Obama Administration Open to Ditching Bank Tax as Funding for Refi Plan

WASHINGTON — The Obama administration, which has proposed levying a tax on the largest banks as a way to pay for a broad mortgage refinancing plan, is now in talks with members of Congress about finding an alternative source of funding, Housing and Urban Development Secretary Shaun Donovan said Thursday.

The bank tax was labeled a non-starter on Capitol Hill as soon as President Obama announced the idea in his State of the Union address in January. Three months later, the administration has yet to introduce legislation that would implement the refinancing proposal.

But Donovan said at a Senate Banking Committee hearing Thursday that the administration is working on a bill with members of Congress — he didn't specify which ones — and he is hopeful that legislation will be introduced in the next few weeks.

In an interview after the hearing, Donovan told American Banker: "We're open to working with members on other potential ways to pay for this, and that is one of the issues that's in discussion right now among members."

The HUD secretary also stressed that the Obama administration still believes that a bank tax is an appropriate way to pay for the refinancing plan.

The White House proposal would allow homeowners whose mortgages are not backed by the federal government — and who have fallen outside the scope of previous government refinance initiatives — to take advantage of low interest rates by locking into a government-backed loan.

But the Obama plan looks like a tough sell in the House, where Republicans have dismissed it as an example of election-year politics.

With or without a bank tax, the proposal will be hard to enact largely because it would require the federal government to widen its footprint in the mortgage market at a time when many would like to see that presence shrink.

At Thursday's hearing, Donovan showed a pragmatic streak by also embracing a more limited refinancing bill that Democratic Sens. Robert Menendez and Barbara Boxer are preparing to introduce.

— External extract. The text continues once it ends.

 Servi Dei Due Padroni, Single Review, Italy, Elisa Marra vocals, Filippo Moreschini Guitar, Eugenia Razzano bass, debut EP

That measure, which was the subject of a separate Senate hearing Wednesday, would only help homeowners who already have mortgages backed by Fannie Mae or Freddie Mac. It would not increase the federal government's credit risk on mortgages.

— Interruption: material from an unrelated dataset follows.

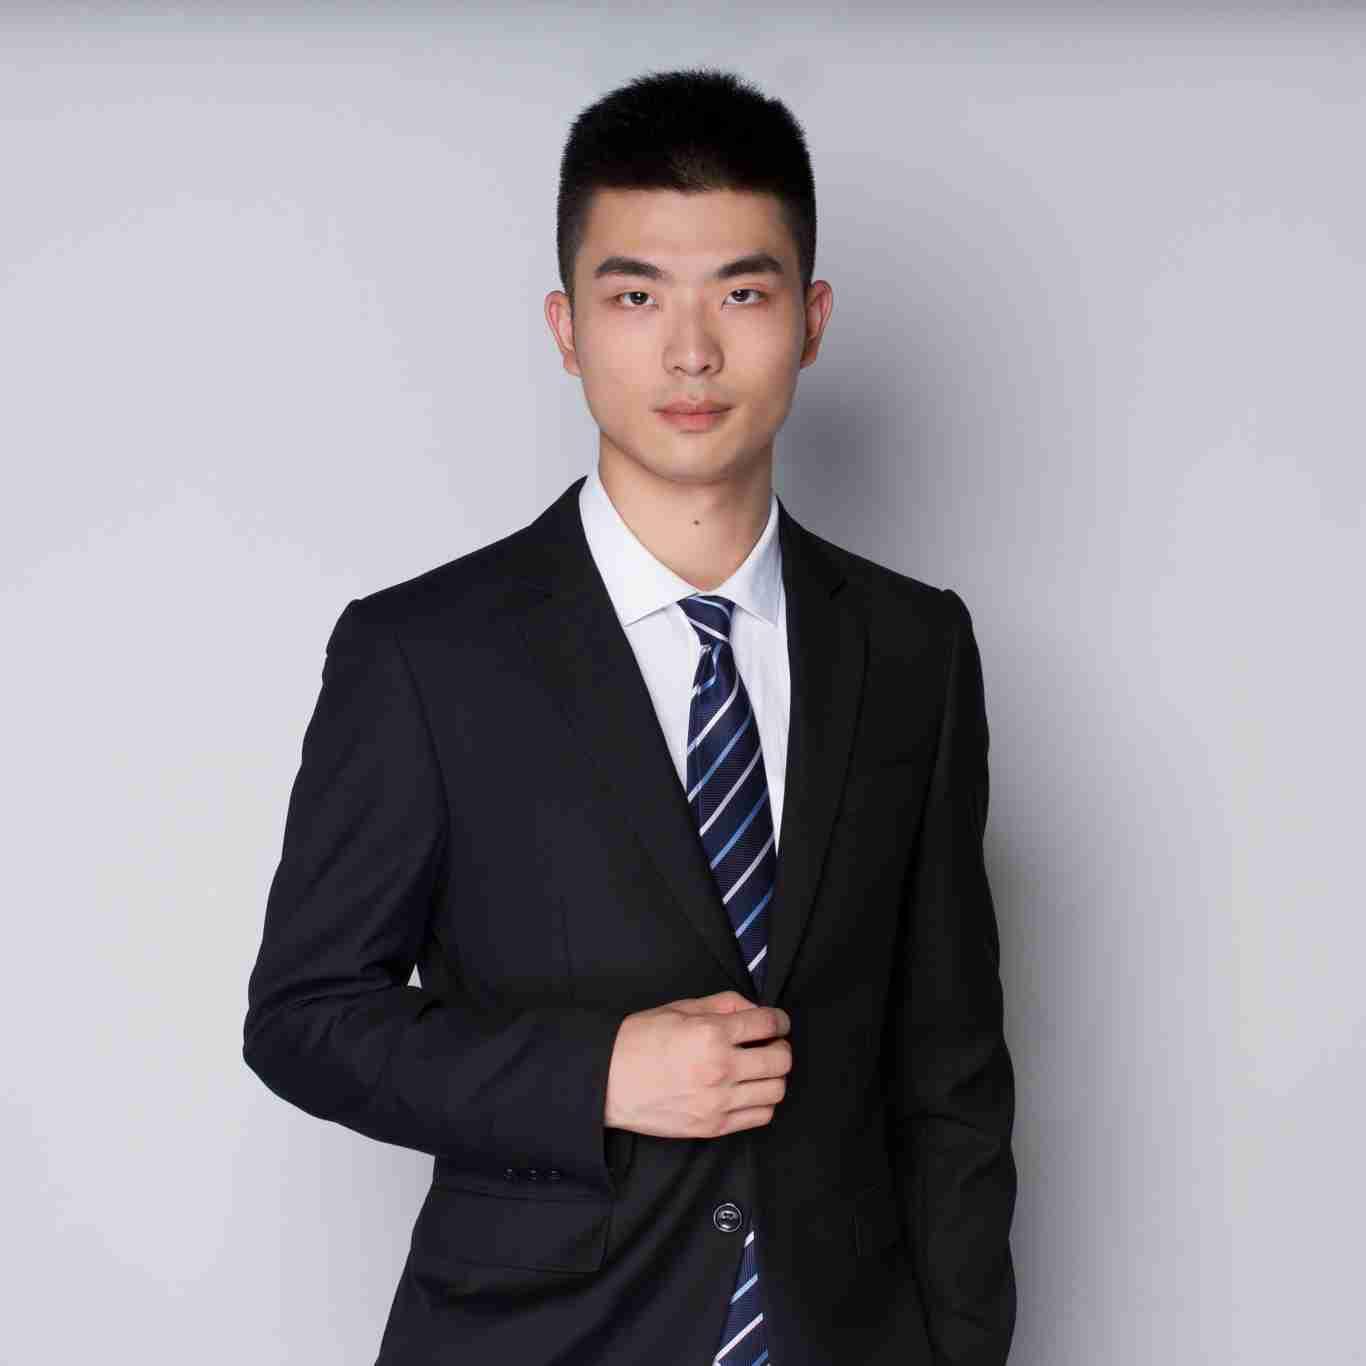 Shijie Zhan

The bill aims to eliminate barriers that have prevented some of those borrowers from taking advantage of the existing refinancing program for Fannie and Freddie loans, known as the Home Affordable Refinance Program, or Harp.

Responding to questions from Menendez, Donovan said the New Jersey Democrat's legislation is one of most important steps that can be taken to help the housing market in the short term. He said that it will be particularly helpful for homeowners who still have equity in their homes but still face barriers to refinancing.

"So we think it is a critically important bill," Donovan said. "And we look forward to working with you to get it passed as soon as possible."

Under questioning from Republican Sen. Richard Shelby, Donovan downplayed any hope that the Obama administration will take significant steps in 2012 on reforming the nation's housing finance system.

In February, Treasury Secretary Timothy Geithner spoke of plans for more intensive talks with lawmakers to start developing legislation that will wind down and replace Fannie and Freddie. But even then, Geithner stated that he did not expect legislation this year.

Donovan on Thursday threw an even wetter blanket on hope of progress prior to the November elections.

"We do not at this point have a specific timetable nor legislation completed to submit to Congress," he said, though he did add that the administration is happy to discuss the issue with congressional Republicans.

"We are hopeful that there will be bipartisan action as soon as possible on that, but we do not have a specific proposal that we expect to be providing in the next few weeks."